Studio album by Fastway
- Released: April 1983
- Studios: Marcus Music and Maison Rouge Studios, London, UK
- Genres: Hard rock; heavy metal;
- Length: 41:58
- Label: Columbia
- Producer: Eddie Kramer

Fastway chronology
|  | Fastway (1983) | All Fired Up (1984) |

Singles from Fastway
- "We Become One" Released: 1983; "Say What You Will" Released: 1983; "Easy Livin'" Released: 1983;

= Fastway (album) =

Fastway is the debut studio album by British rock band Fastway, released in April 1983.
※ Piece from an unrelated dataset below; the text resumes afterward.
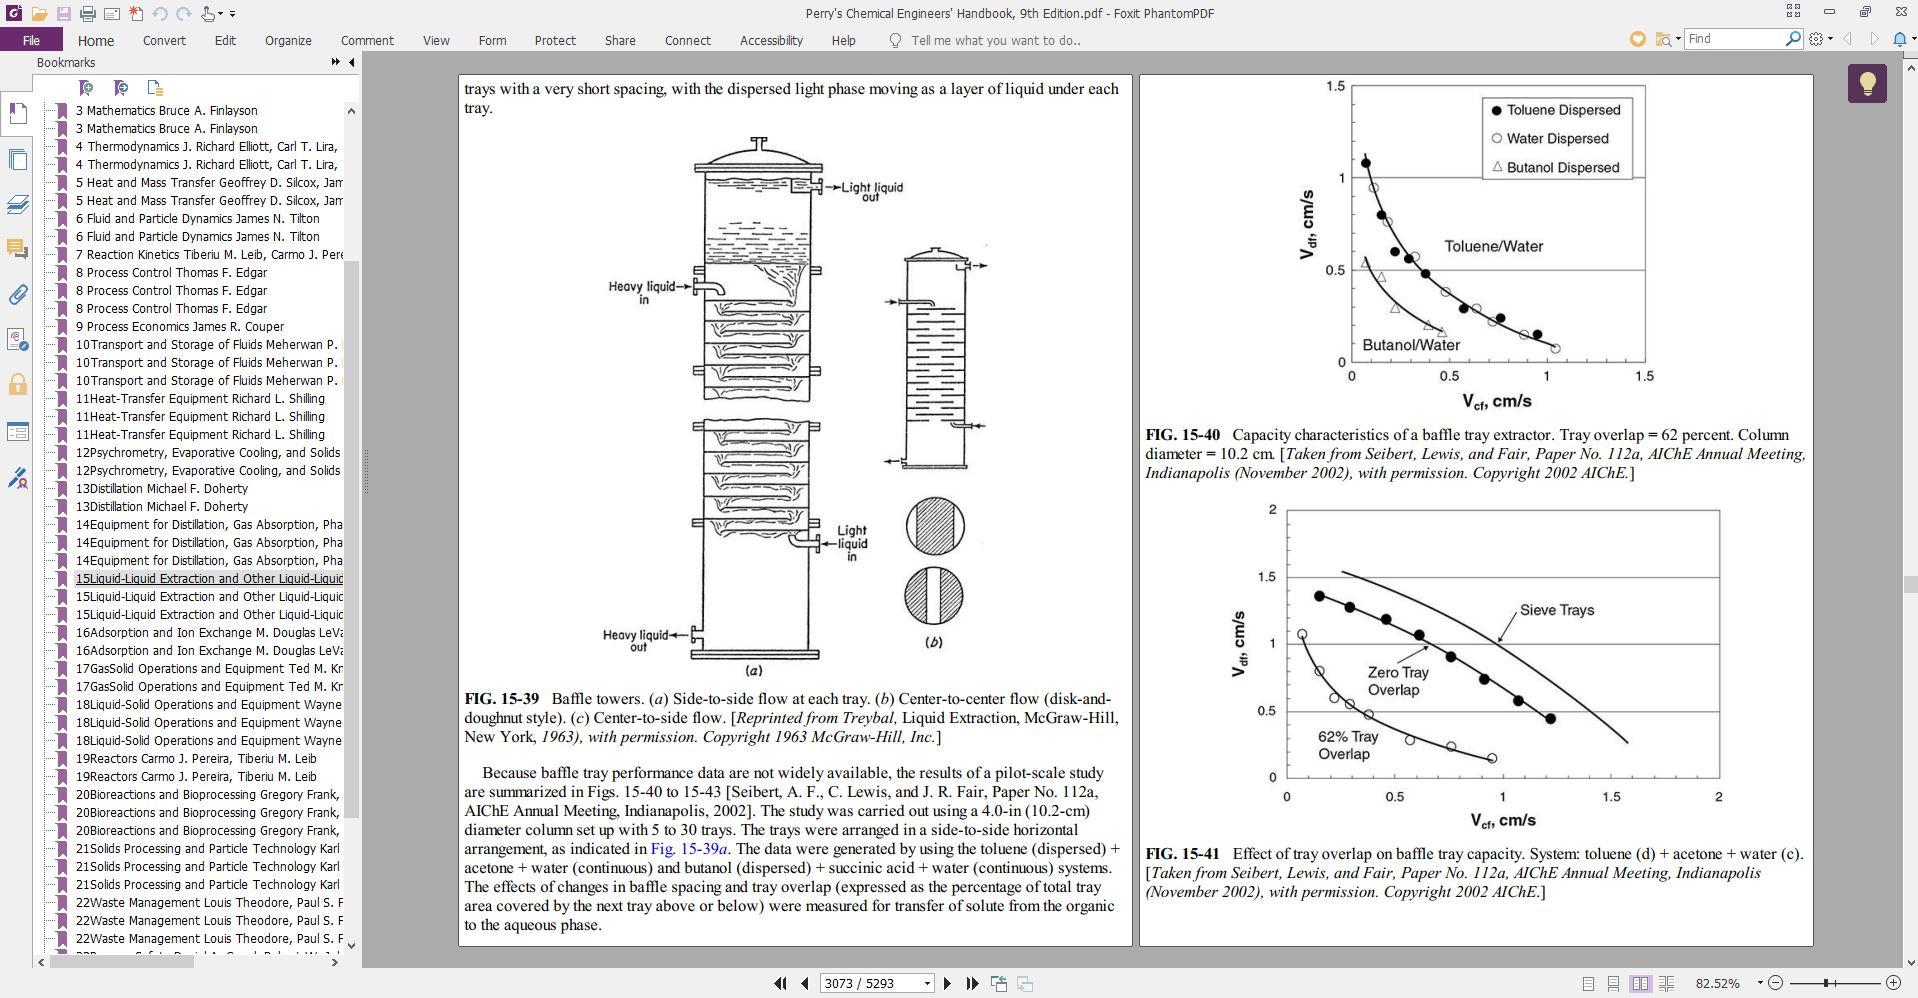 خرید و دانلود کتاب Perry's chemical engineers' handbook 2019
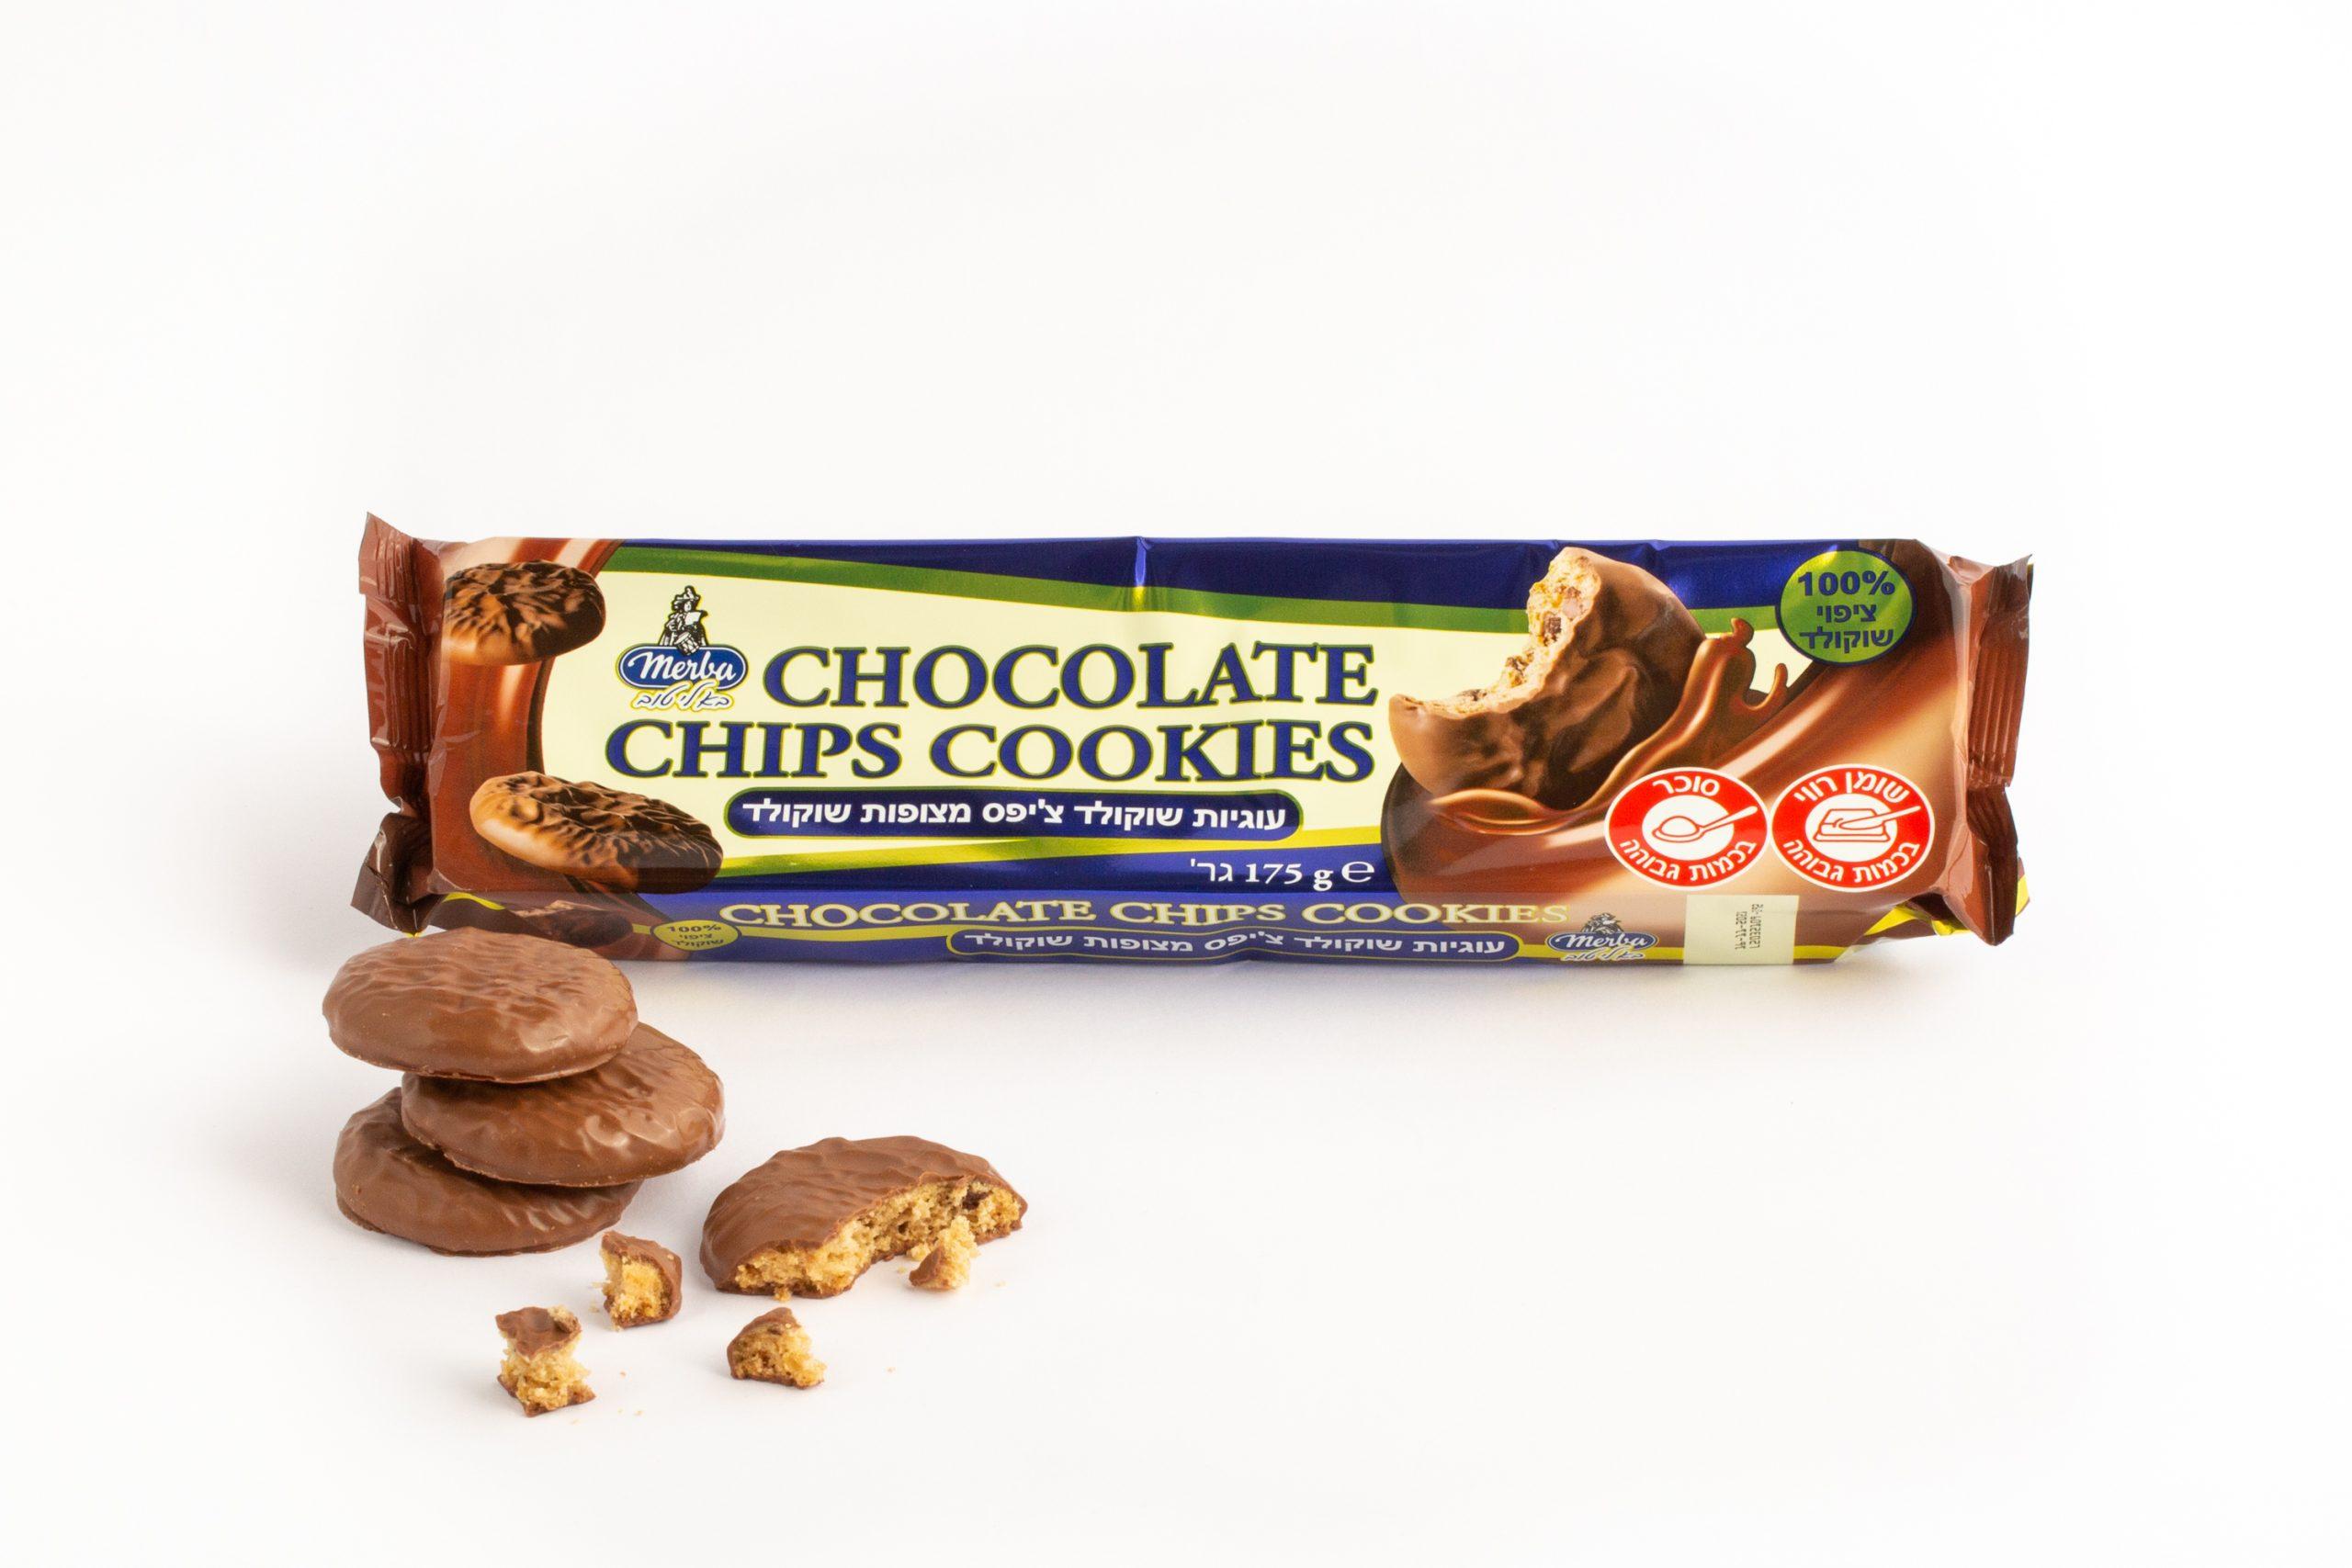 עוגיות שוקולד ציפס מצופות מרבה צילום יחצ מאושר לשימוש ללא תמורה

Founding member Pete Way (ex-bass guitar player with UFO) did not play on the album, because by the time the recording sessions began Way left the band. He soon formed another band, Waysted. The bass guitar parts on the album were actually played by Ralph Benitez.

The album has been reissued as a two-fer with the second Fastway album, All Fired Up; however, that edition omits the song "Far Far from Home", bonus track featured on the standalone CD release of the first album.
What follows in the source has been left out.